» Activity
Set down the data below without change, skipping the pictures it holds.

» Given data
BEGIN

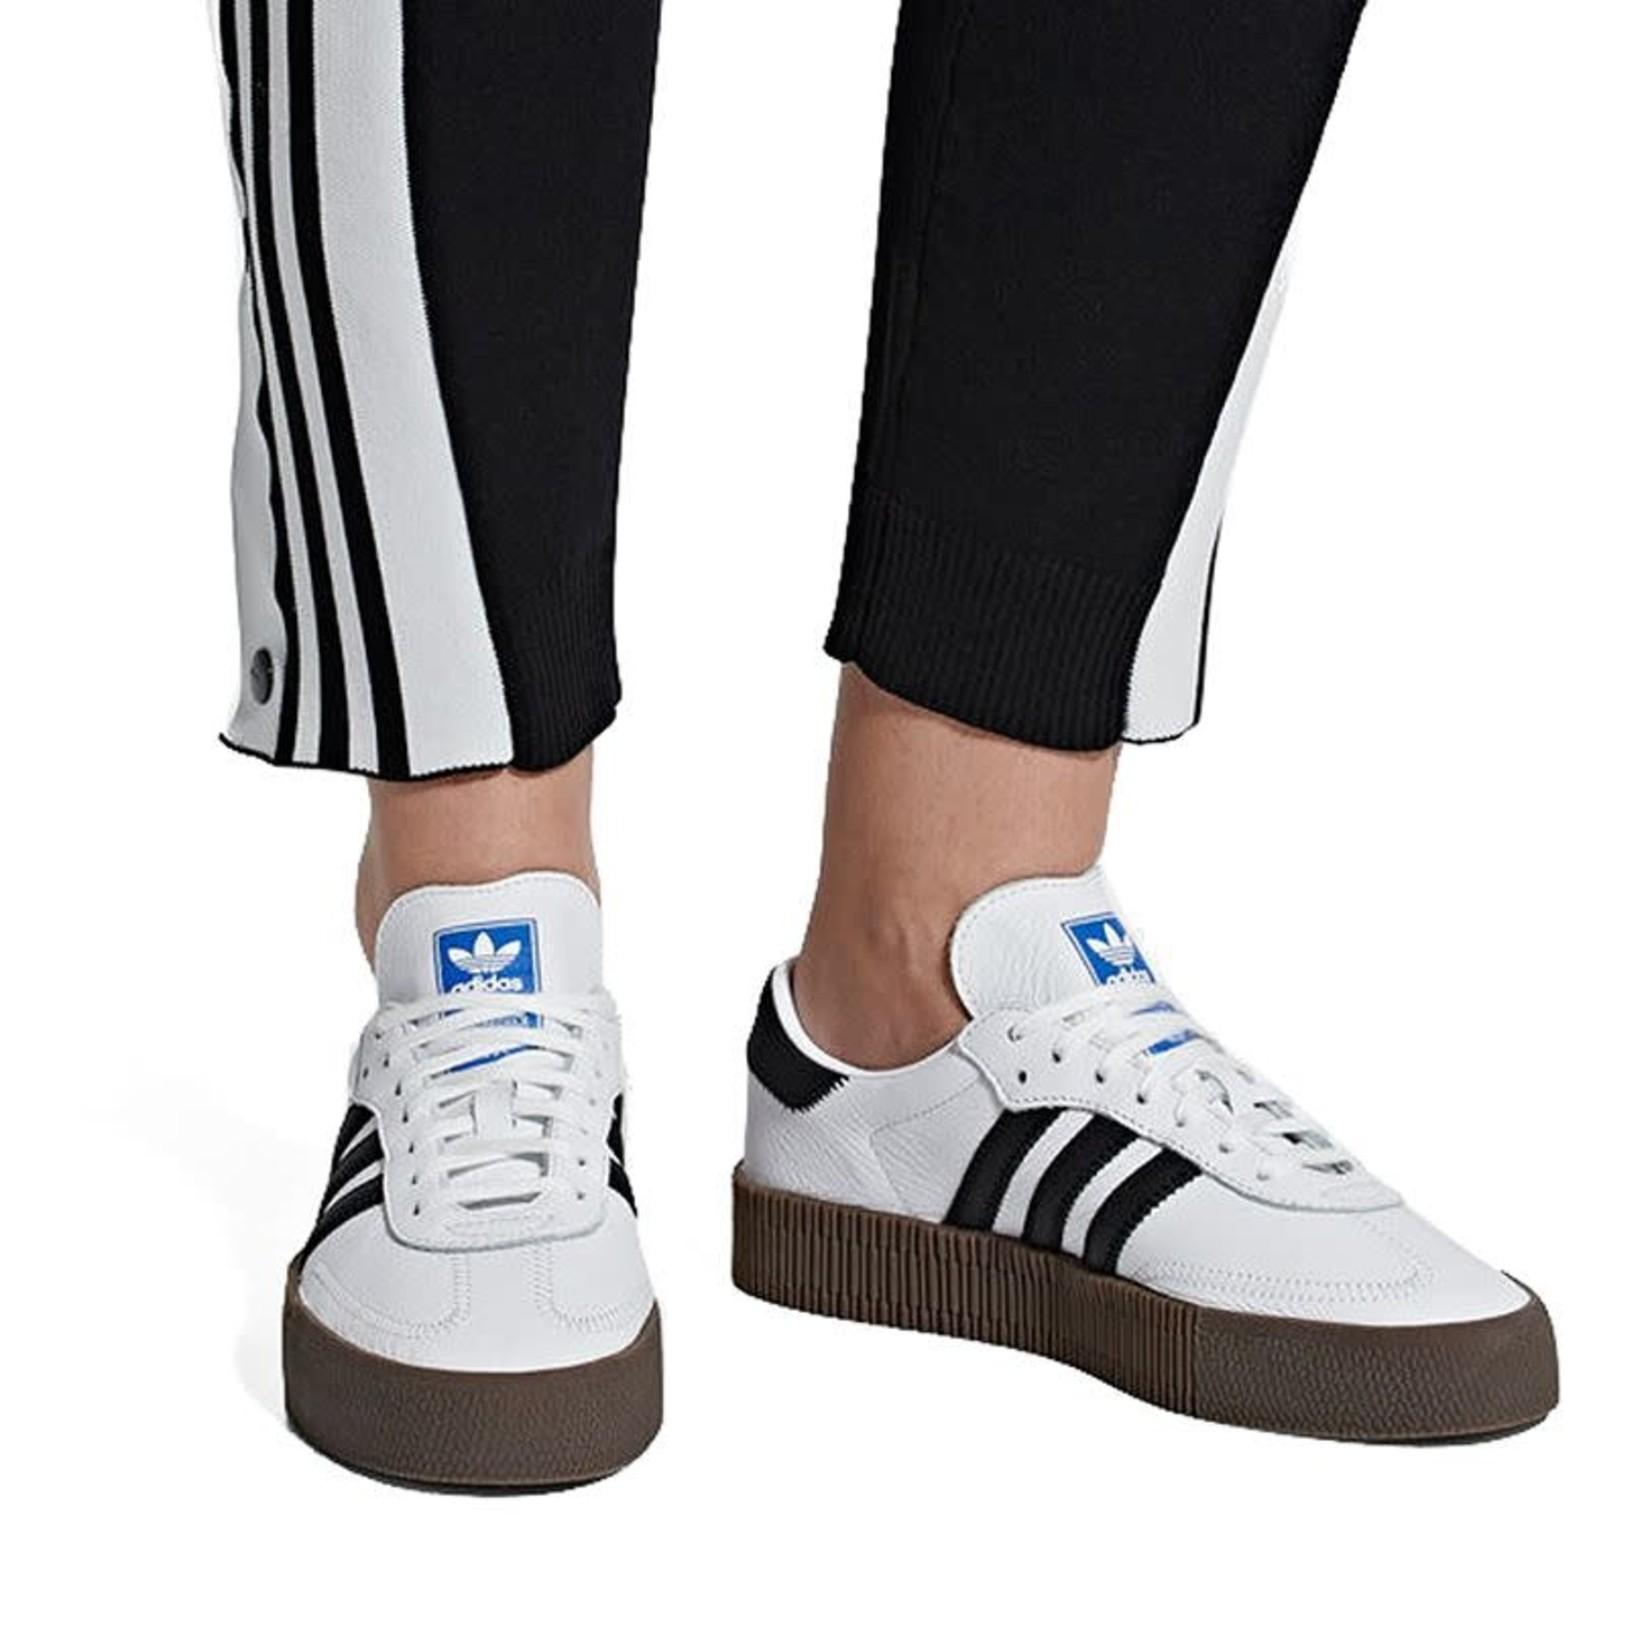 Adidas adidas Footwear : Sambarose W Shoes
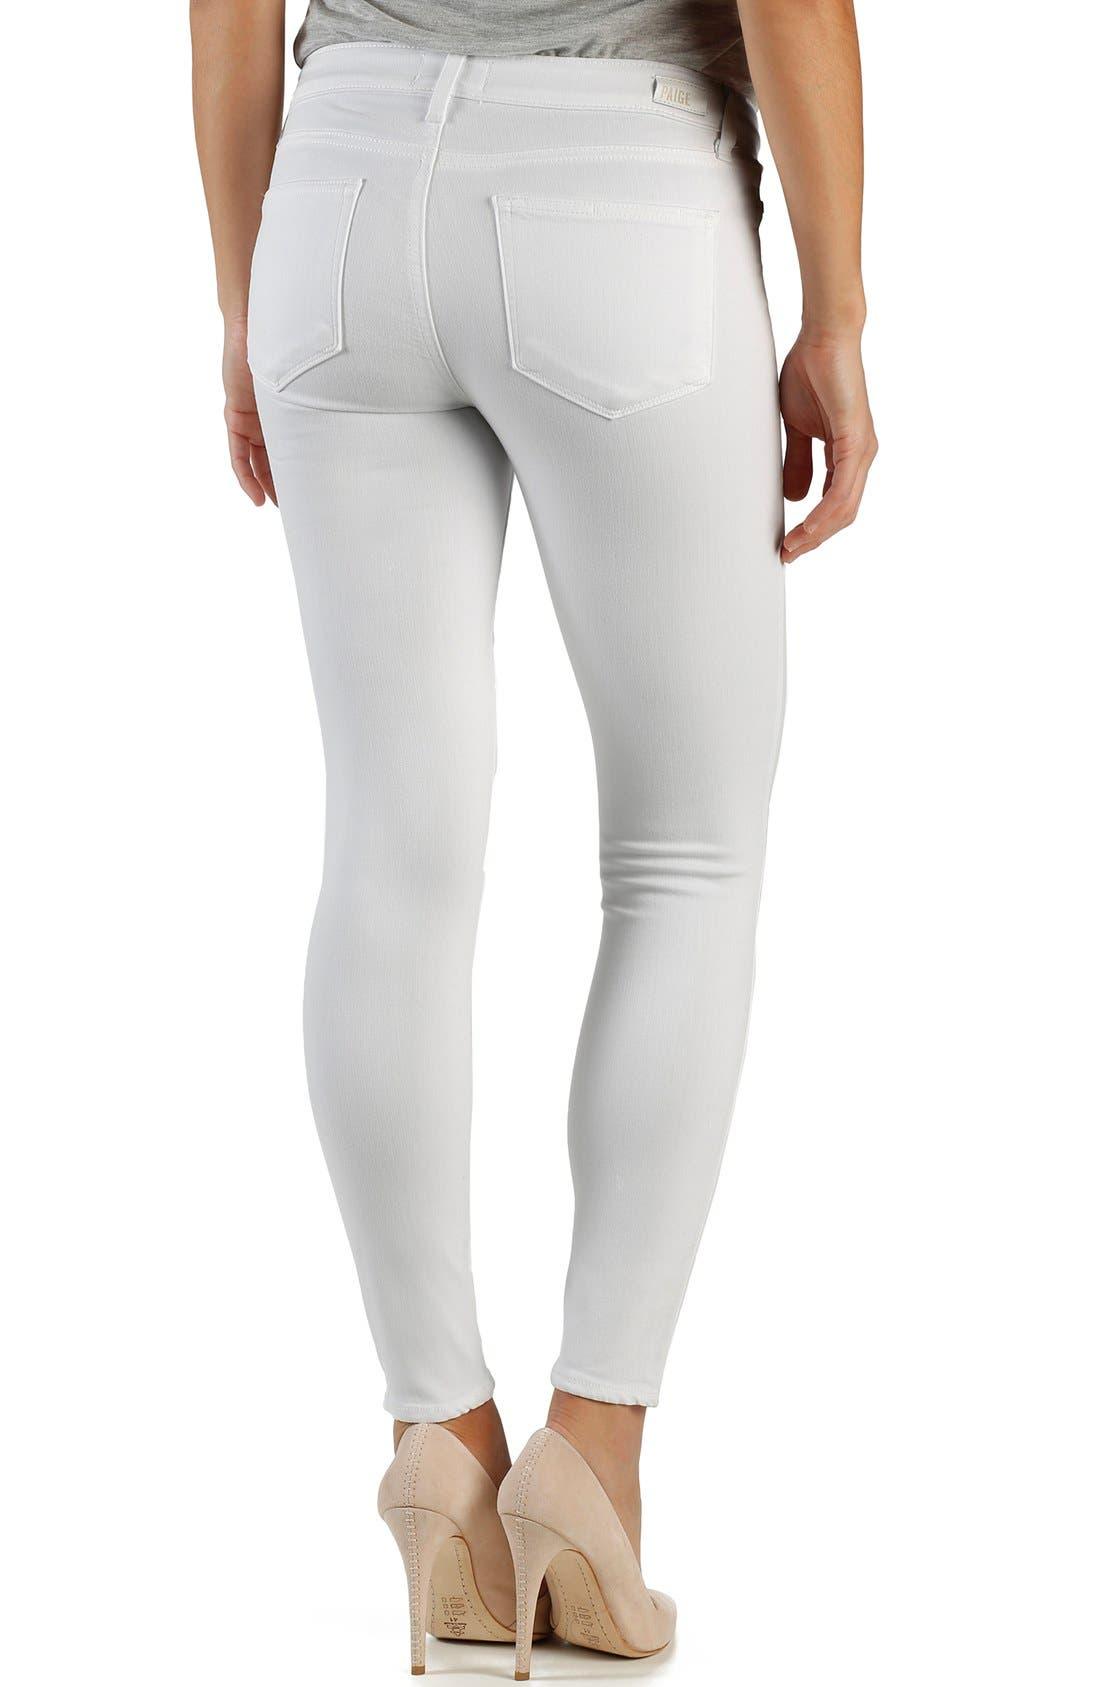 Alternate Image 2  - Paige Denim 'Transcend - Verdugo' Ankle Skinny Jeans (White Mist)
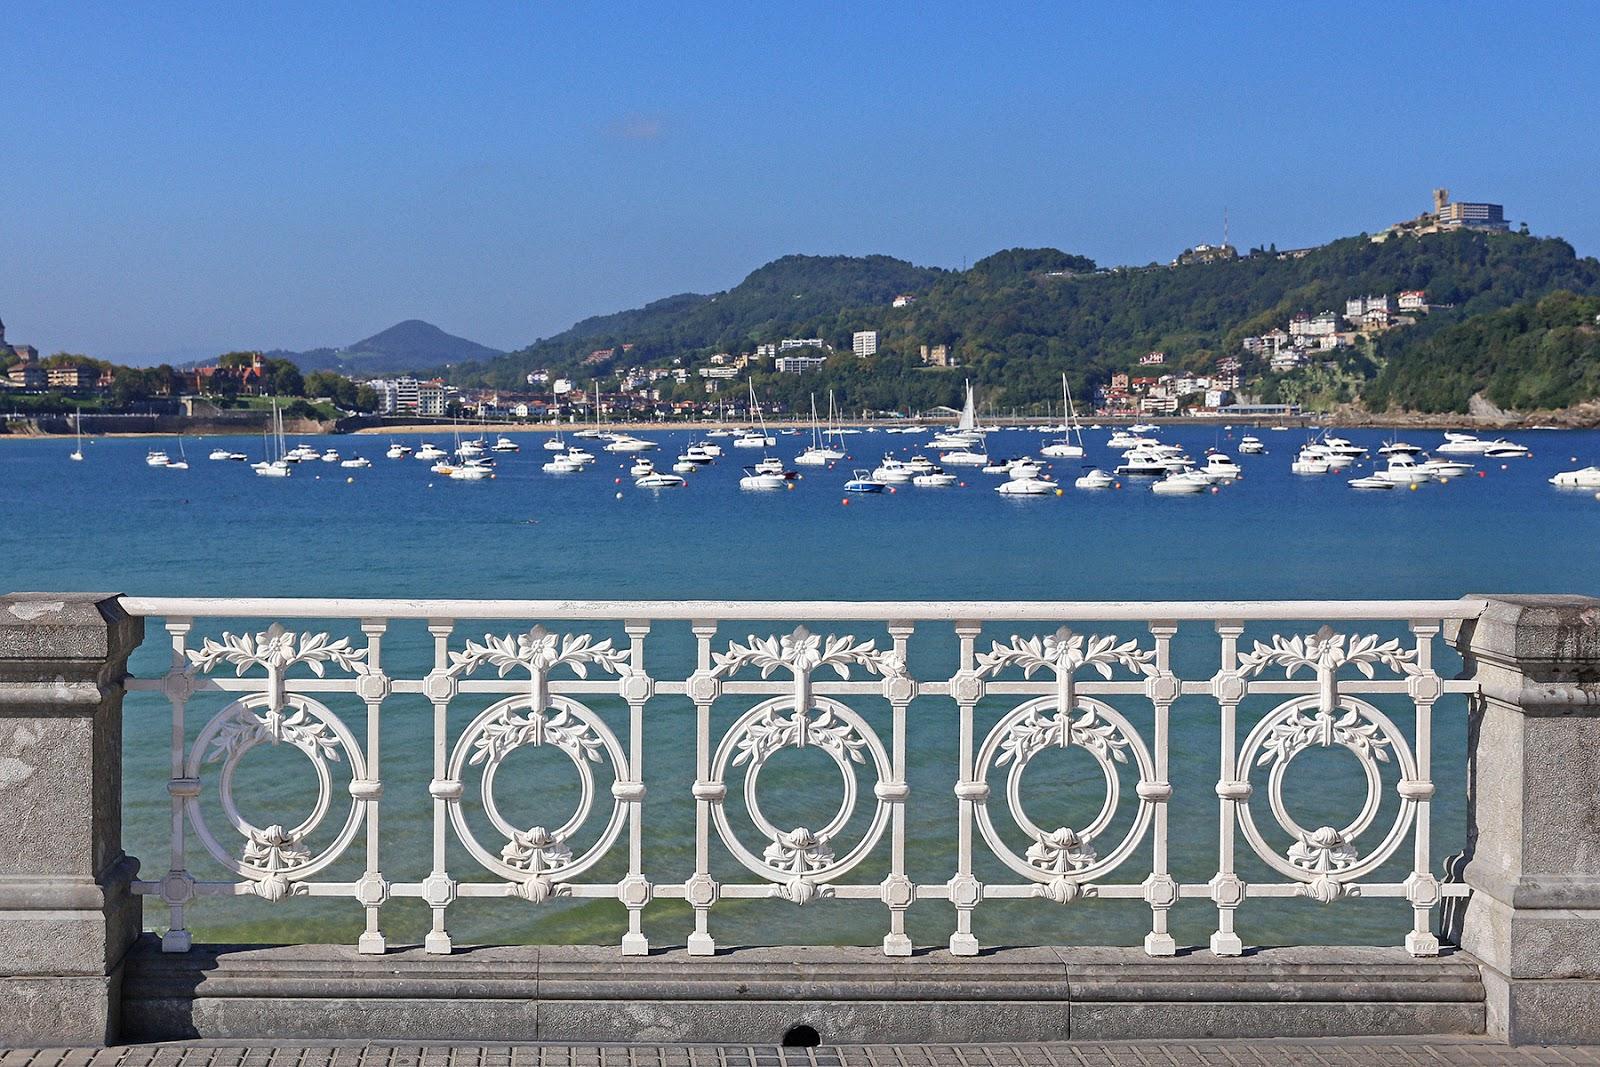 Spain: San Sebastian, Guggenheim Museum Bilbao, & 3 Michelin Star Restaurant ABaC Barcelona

END

» Exercise response
 Adidas adidas Footwear : Sambarose W Shoes
 Alternate Image 2  - Paige Denim 'Transcend - Verdugo' Ankle Skinny Jeans (White Mist)
 Spain: San Sebastian, Guggenheim Museum Bilbao, & 3 Michelin Star Restaurant ABaC Barcelona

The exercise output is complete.